Norman nodded. ‘The stable dispensary has also been packed up in boxes ready to be shipped out.’

‘So who told Ryder?’ Tony said.

It was the all-important question.

Sadly, we could no longer ask the man himself for the answer.

10

There was a debriefing for the FACSA raid team at four o’clock that afternoon, back at the mess hall of the National Guard facility.

Most of them had spent some of the preceding eight hours being individually interviewed by detectives from the Louisville Police Department’s fatal-shooting investigation team.

‘It is perfectly routine,’ Tony told me on the phone when I called him well away from the others. ‘There’s a standard procedure for all officer-involved shootings. Such events bring intense media scrutiny and we have to guard against any damage to the agency’s reputation. Hence the local police conduct a detailed enquiry and interview everyone involved.’

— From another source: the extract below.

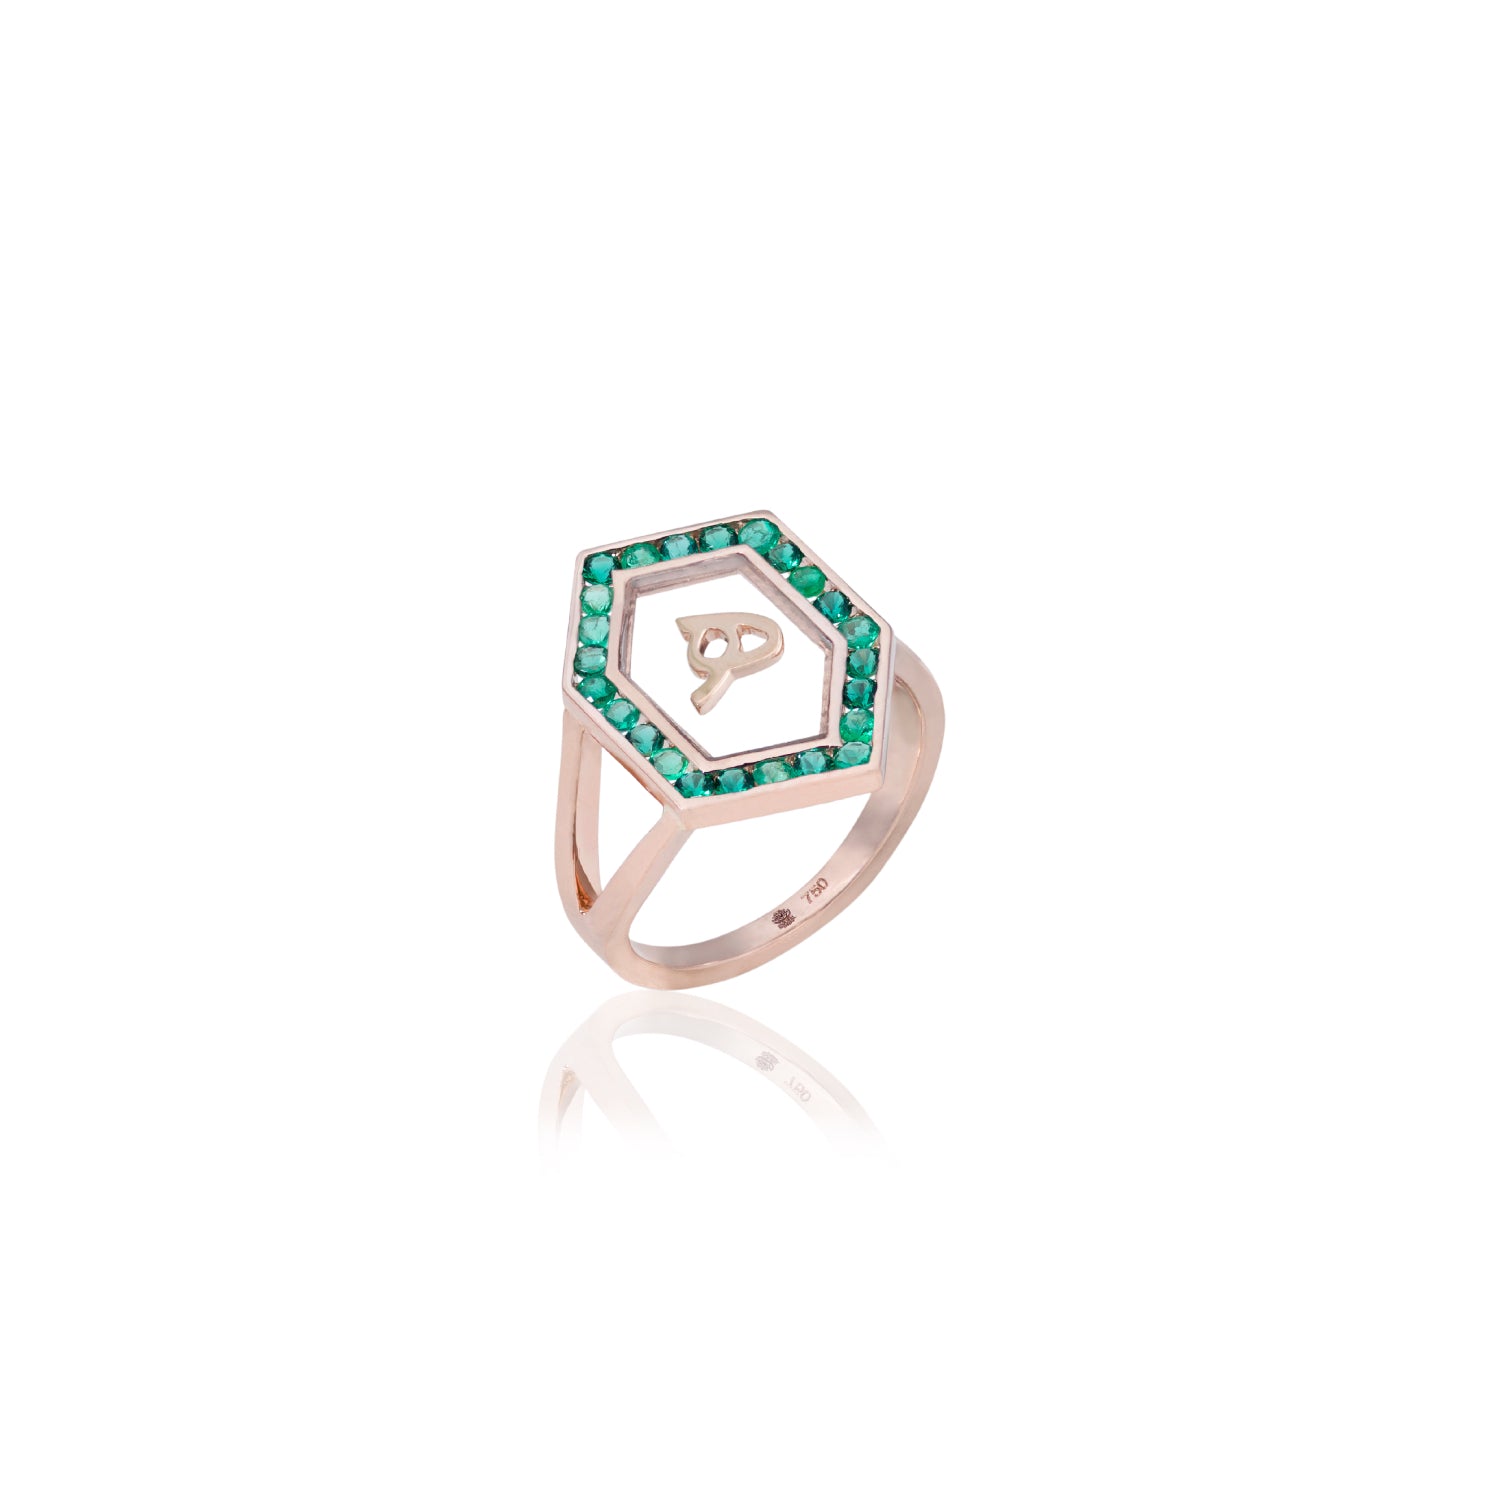 Qamoos 1.0 Letter هـ Emerald Ring in Rose Gold

‘I wasn’t interviewed,’ I said.

‘The fatal-shooting investigation team is only concerned with events up to the moment the shots were fired. You were not a witness to the actual shooting so I didn’t give them your name. I thought it was best to keep you out of it.’

‘I agree,’ I said. ‘Thanks. So what happens next?’

‘The evidence may have to be presented to a grand jury to confirm the killing was justified, although that’s most unlikely in this case.’

‘So you think the killing was justified?’ I asked.

‘Without a doubt,’ Tony said. ‘Ryder attacked a law-enforcement officer with a deadly weapon. That in itself is enough reason for him to be shot.’

‘But surely not ten times.’

‘It can often take more than one shot to bring down a suspect. Our agents are trained to fire multiple rounds in case some of them miss.’

‘I was told your agents are all hotshots,’ I said. ‘Surely they don’t miss.’

‘You’d be surprised,’ Tony said. ‘They may be OK on the range but operational situations are very different. A Miami police survey showed that of thirteen hundred bullets fired at suspects, more than eleven hundred missed. And NYPD found barely a quarter fired from under six feet hit their target, with less than a fifth at ten feet.’

‘How many hit Hayden Ryder?’

‘I don’t know yet. The autopsy will tell us. The important thing is that at least one did, and that one was enough to disable him.’

It had done more than that, I thought.

I had spent the day trying to erase from my mind the grisly image of Ryder’s head completely torn apart by an expanding bullet.

I’d seen more than my fair share of killings during my time with the army in Afghanistan but nothing really prepares you for the sudden finality of violent death, the instant wiping out of an active, vivid and cognisant existence, to be replaced by… nothing. Nothing more than a useless rotting corpse.

‘What will you do now?’ Tony asked.

‘I’m not sure,’ I said. ‘I’ll stay on here for the Derby. I wouldn’t want to miss that, but I feel I’m approaching the problem from the wrong end.’